In my time as a blogger, I’ve been a member of dozens of programs, bought a few hundred products, and have tried almost every informational approach to simplifying my craft.  I can honestly say that the best program on the internet today is Jack Humphrey’s Social Power Linking.  For $30 a month, I get more info than I can possibly digest, and it’s truly a gem for my blog flipping endeavors.  This isn’t a sales pitch, and I’m not suggesting that this is the end all be all program, but it certainly made my job easier by teaching me a few things that make my job easier. If you have $30 a month to spend, I endorse this wholeheartedly.

I want to share one of those tips with you now.

For those of you that aren’t aware, or have been hiding under a rock during the entire Web 2.0 craze, the web has taken a sharp left turn from the traditional “content is king” approach.  I’m not saying that you don’t need good content, quite the opposite actually, but the truth is that your content means exactly nill unless you have people viewing it. 
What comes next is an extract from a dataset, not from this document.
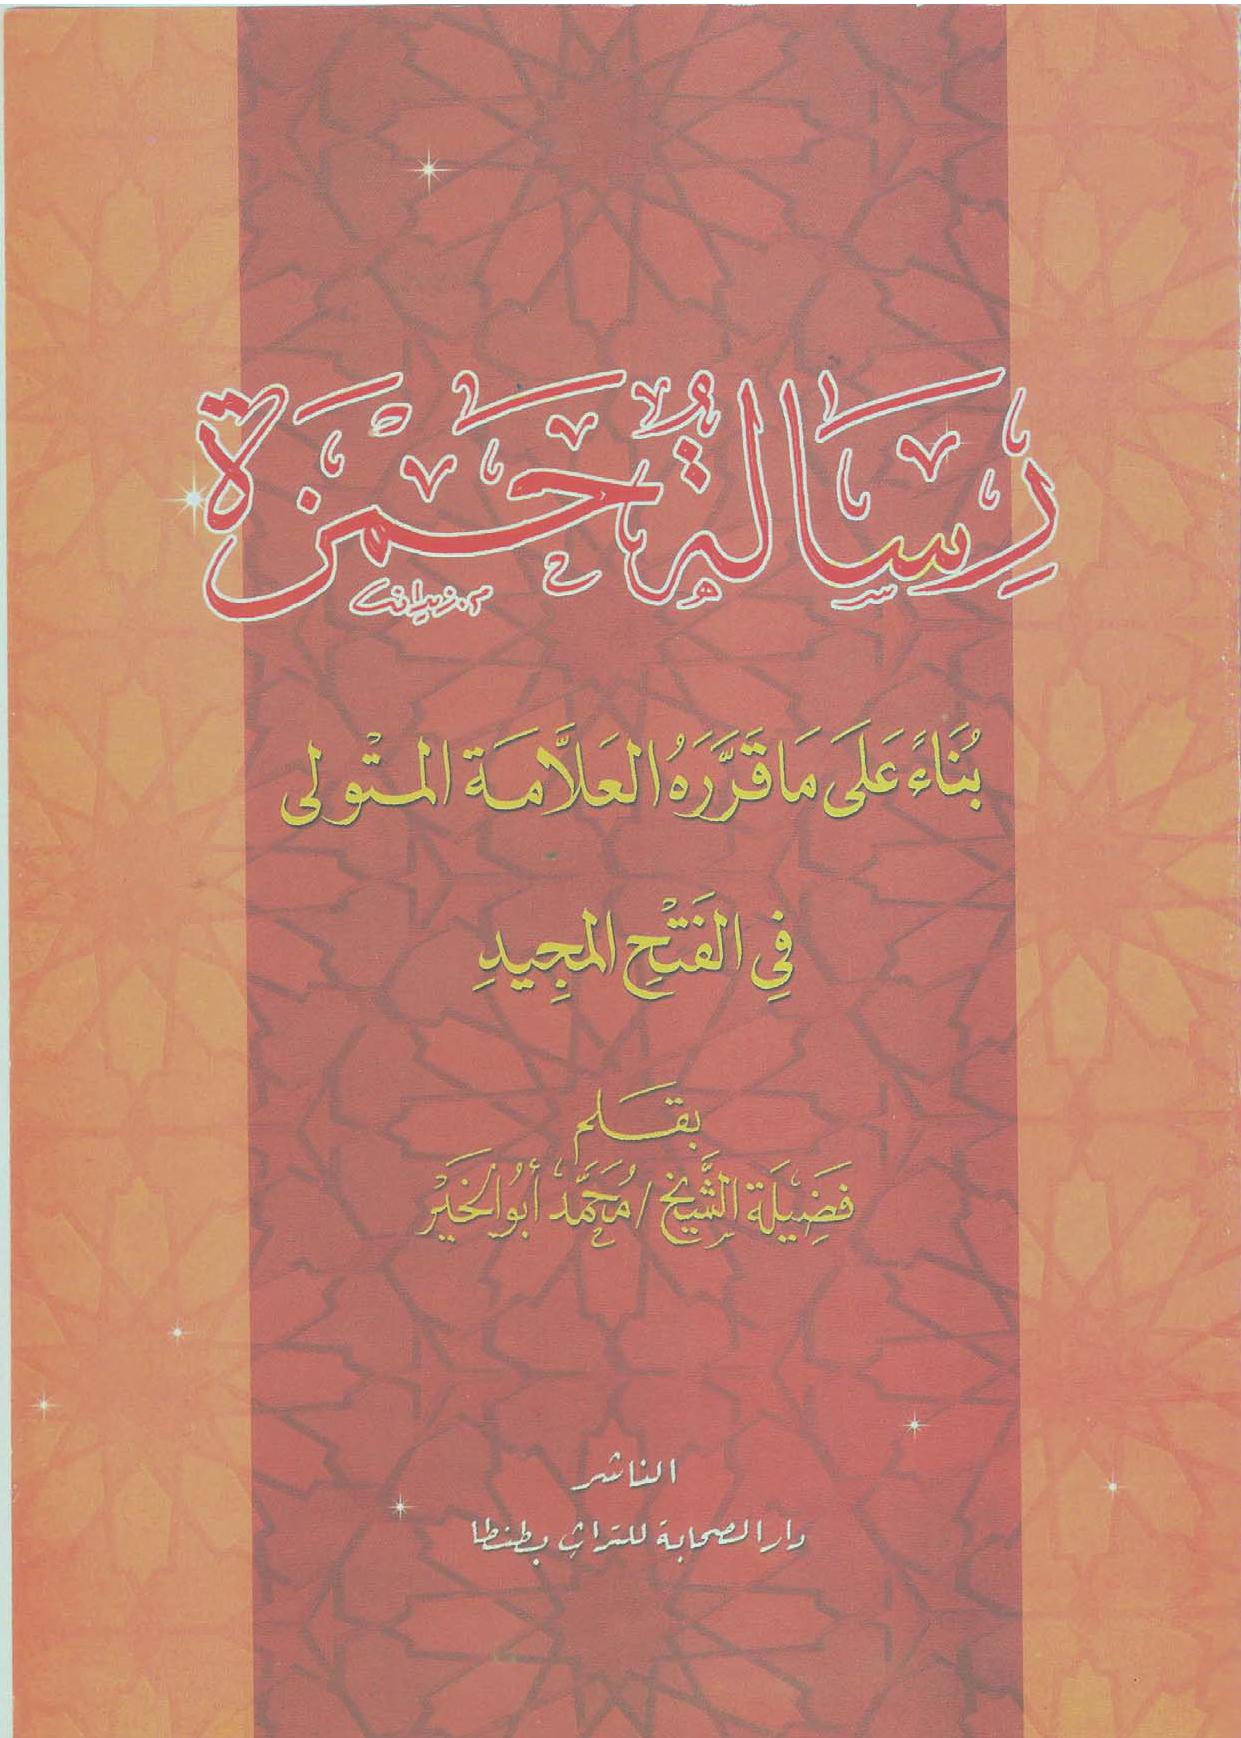 رسالة حمزة بناءً على ما قرره العلامة المتولي في «الفتح المجيد» - محمد أبو الخير مصطفى

For those of you that have been here a while, you know that I’m a huge advocate of social bookmarking and other web 2.0 sites to leverage visitors and authority for free.  The thing you might not know, is that this is my number one traffic and link building method.  I use web 2.0 sites almost exclusively, and have for several months with great results.  Don’t get me wrong, I’m not saying that organic traffic isn’t better, but this not only brings you traffic quickly, it also helps with your SEO and organic traffic building methods.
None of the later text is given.